March 27, 20218 min readView Series

When a King Chooses a Colt and Shows Us Leadership Differently

We come to the Palm Sunday parade and expect imperial splendor. Instead we notice a small colt, cloaks on the road, people whispering a prophetic line from Zechariah, and Jesus riding in with a demeanor that confounds every rule about what a leader must be. When we talk about leadership in our circles we think of strategy, control, credentials, and the hard edge that keeps things moving. Jesus models something else: leadership that sits with the weak, that asks for help, that carries dependence on the Father as a badge of honor rather than a liability. We see in that entrance a leader who shrinks the distance between himself and the crowd; he moves toward us not behind a wall of protocol but through a doorway of accessibility. That flips our instinctual script and forces us to ask whether our own leadership—at work, at home, in small groups—is built around display or service.

We’re honest: this shift is uncomfortable. We like certainty, authority that never shows doubt, leaders who never admit brokenness. But the Gospel shows us a different economy: the one who is meek is also the one who saves. Matthew records Jesus saying he is gentle and lowly in heart (Matthew 11). That’s not sentimental fluff; it’s a description of the God who becomes human and who carries kingship without coercion. If God’s own king chooses neediness rather than domination, then our models of leadership that center image, rank, or self-protection start to look like fragile imitations. What happens when we make room for leaders who ask questions, who apologize, who gather counsel instead of issuing decrees? We begin to practice authority that sacrifices status for the sake of reconciliation and presence.

The Temple Turnover: What Power Is For

We picture the temple courts as a place of prayer and instead find chaos—money changers, inflated prices, a crush of commerce where Gentiles should have met God. That scene in Mark 11 makes our stomach tighten because it reveals how power corrodes when it hoards privilege and uses sacred space as a revenue stream. Jesus’ action—overturning tables and clearing space—feels violent until we remember what was at stake: access to God for all nations. Power given by God is meant to widen entrance, not narrow it. When leaders use position to enrich themselves or to gatekeep presence, religion becomes a counterfeit and holiness is replaced by profit.

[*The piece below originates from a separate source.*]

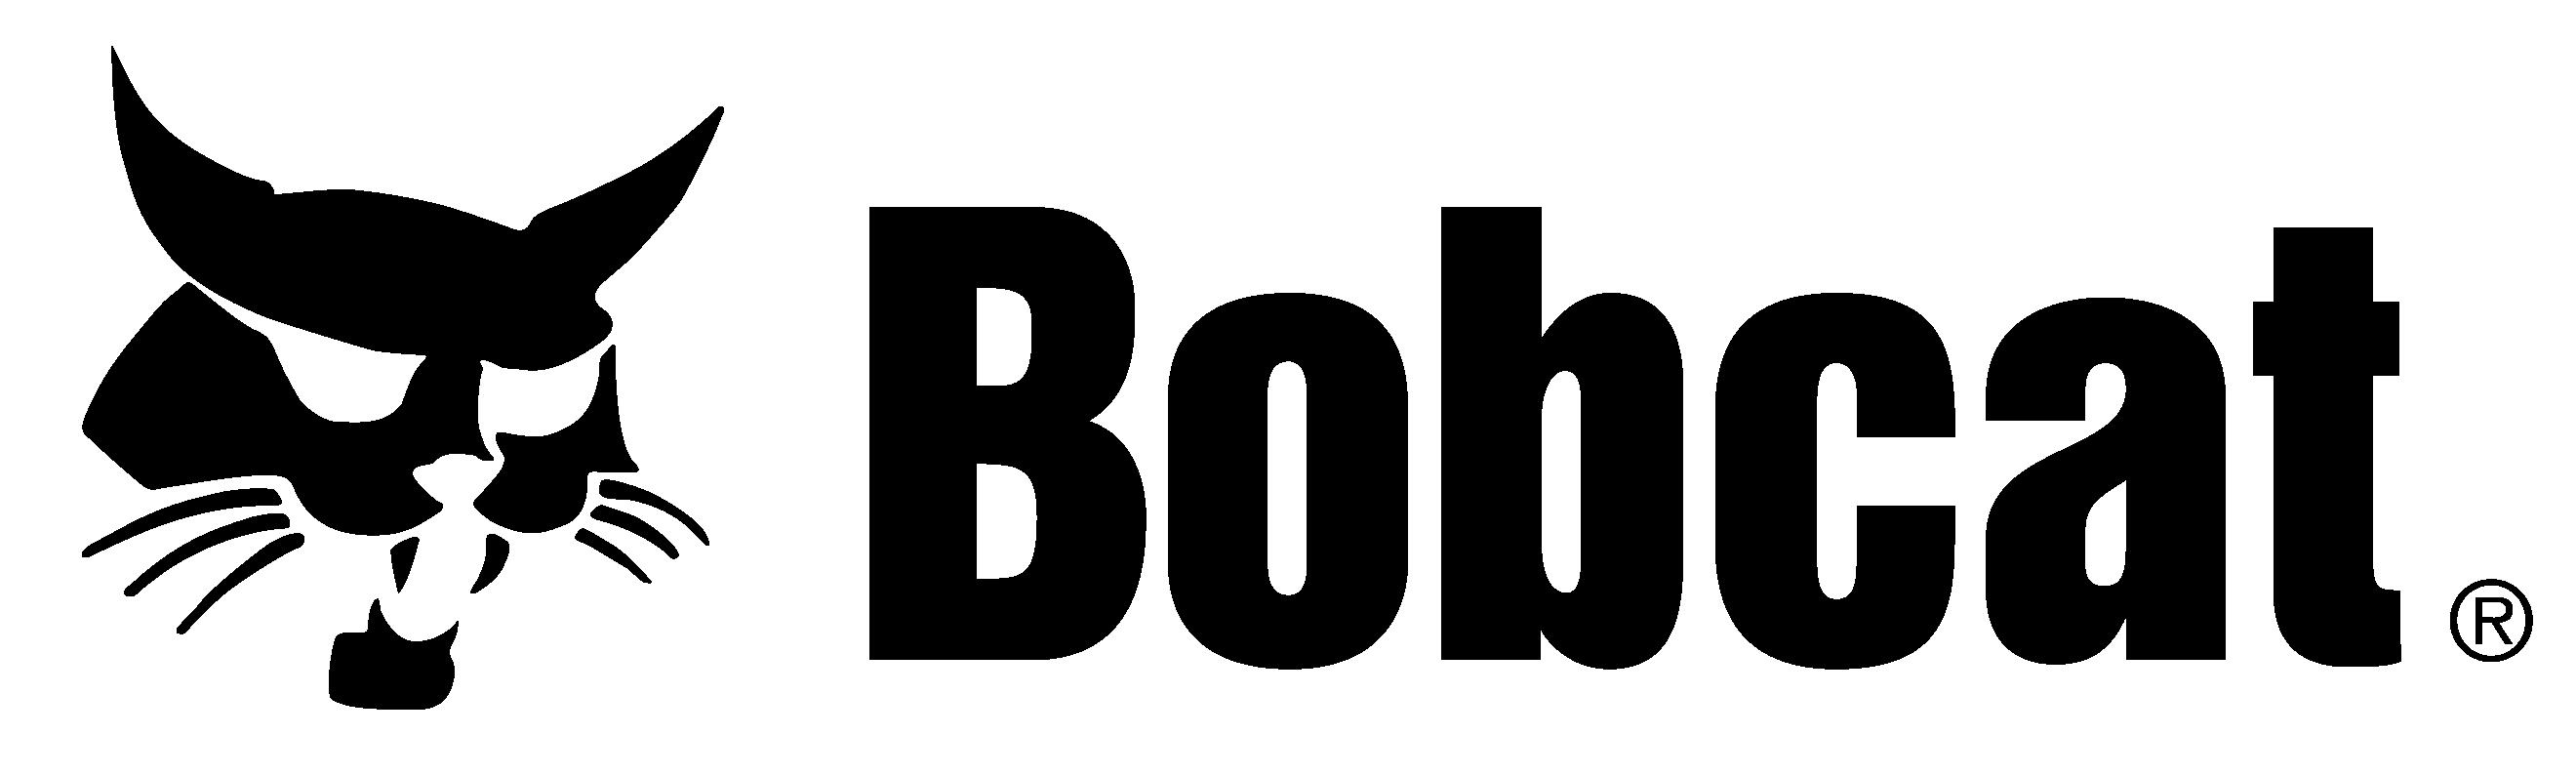 Официальный дистрибьютор Bobcat

This flips how we think about influence. The legitimate use of authority, as Jesus shows, is sacrificial: it protects the vulnerable, it lowers barriers, it opens meeting places where strangers can come without being fleeced. The tearing of the temple curtain at Jesus’ death becomes the ultimate act that replaces a system of mediated access with a new reality where God’s presence is poured out for everyone. That means our exercise of power—whether in a family, an organization, or a church community—should aim at inclusion, reconciliation, and healing. If our structures keep people out, then we need to ask whether power in our hands has become a self-preserving machine or a tool of mercy.

Fig Trees and Fancy Religion: Fruit over Flash

The fig tree’s sudden withering sounds strange on first hearing, until we see it as a parable about religiosity that looks alive but bears nothing. A leafy tree promised fruit but was hollow at its core; the temple buzzed with activity yet lacked prayer and mercy. We live with our own versions of “fig-tree” religion—rituals, checklists, impressive programs that make us feel spiritual without actually changing how we treat neighbors, how generous we are with our time, or how honest we are about failure. Jesus’ critique isn’t a rejection of form per se, but a demand that form flow from life. If the shape of our practice isn’t rooted in Christ’s reconciling life, it is dead display.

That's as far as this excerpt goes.